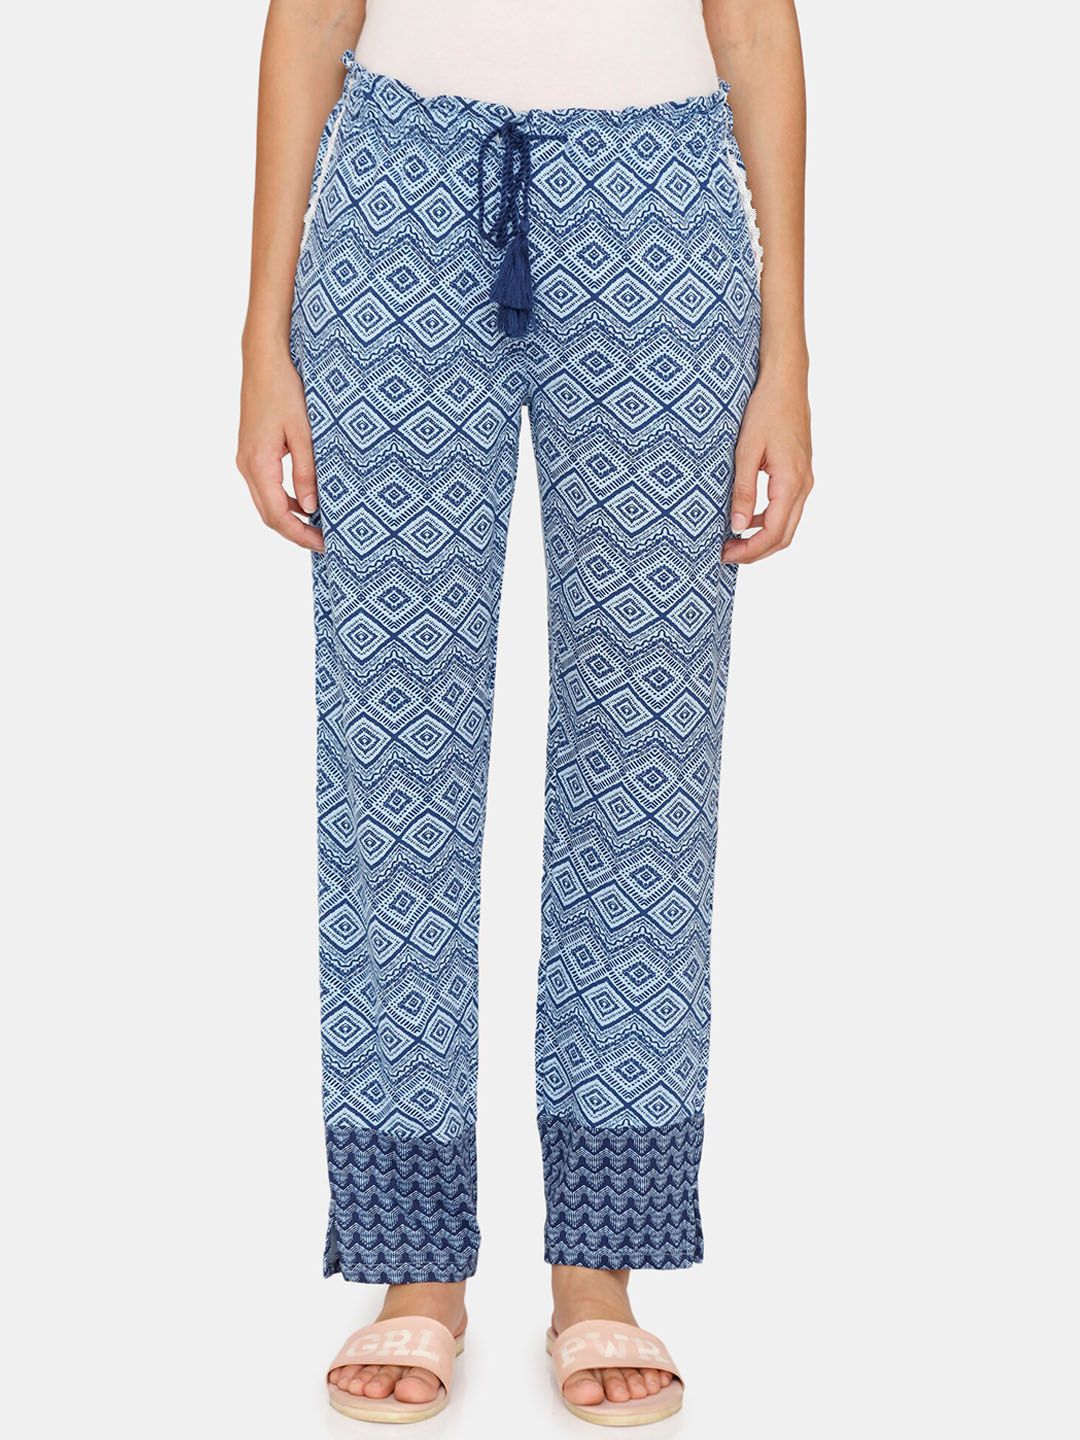 Zivame Women Blue Batik Printed Knitted Pyjamas Price in India
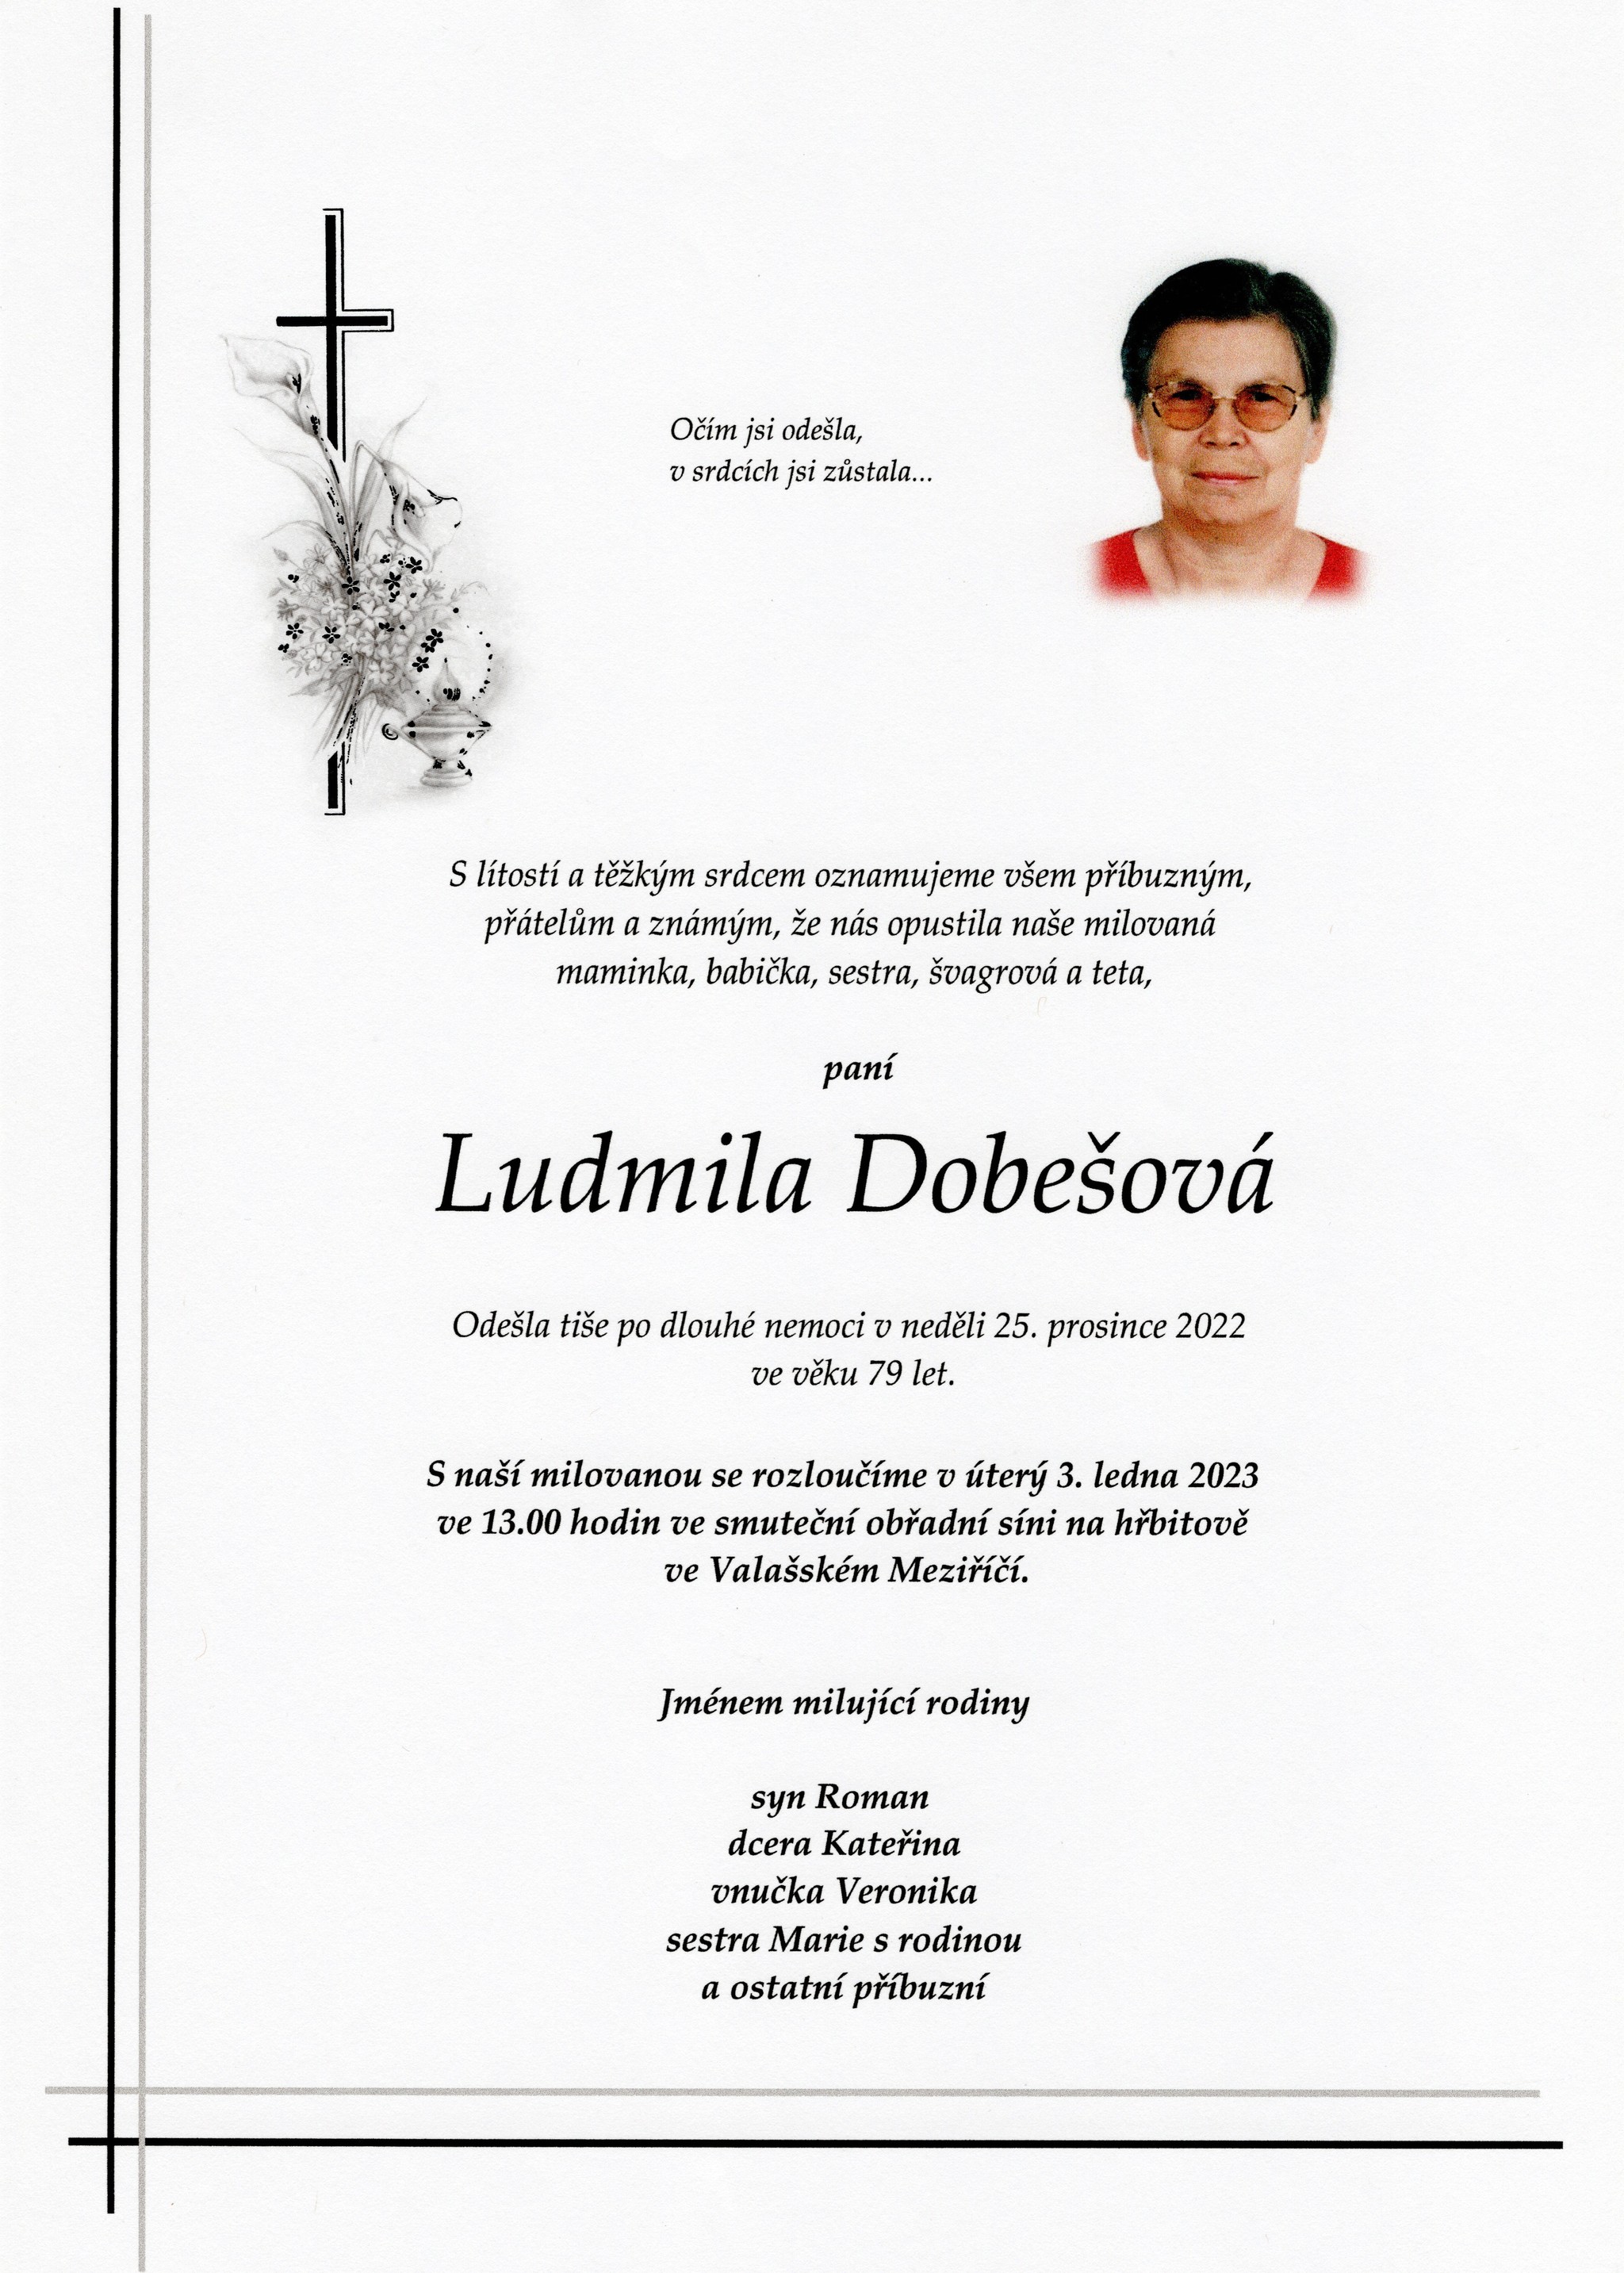 Ludmila Dobešová
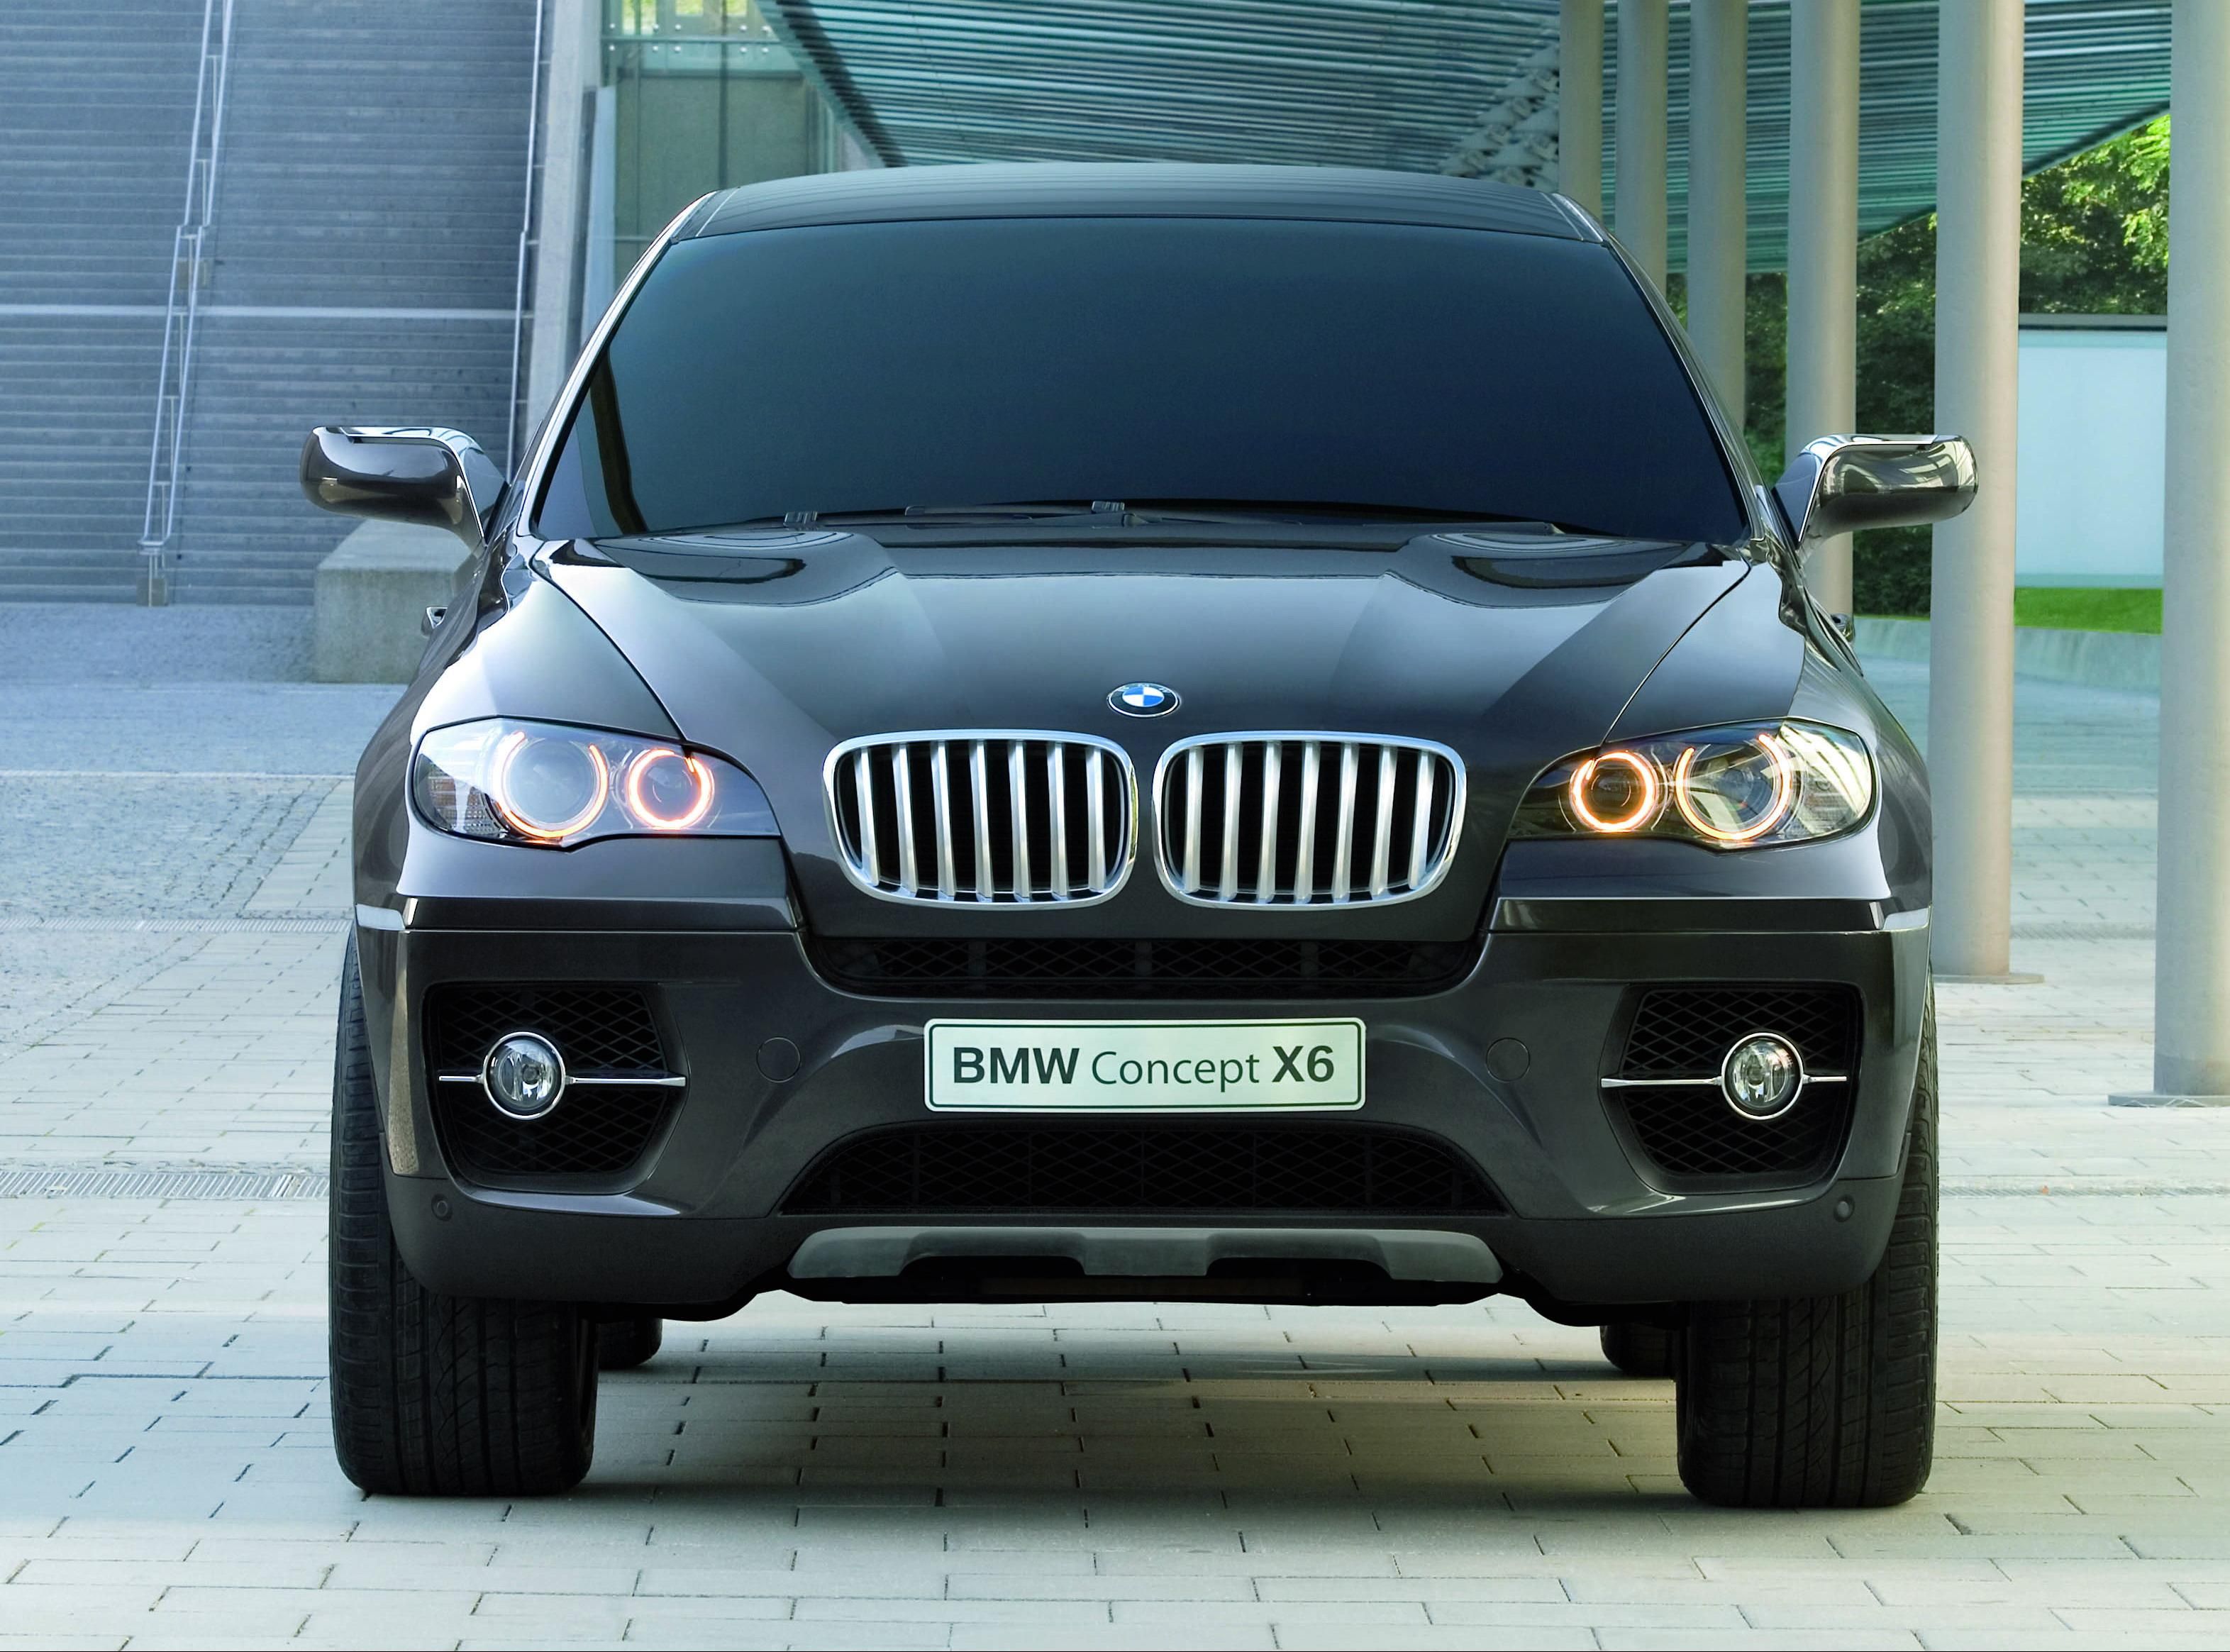 2008 BMW X6 Concept

■ What the task asks: Would you retype every line shown above exactly, leaving the pictures aside?

■ Exercise response:
 Zivame Women Blue Batik Printed Knitted Pyjamas Price in India
 Ludmila Dobešová
 2008 BMW X6 Concept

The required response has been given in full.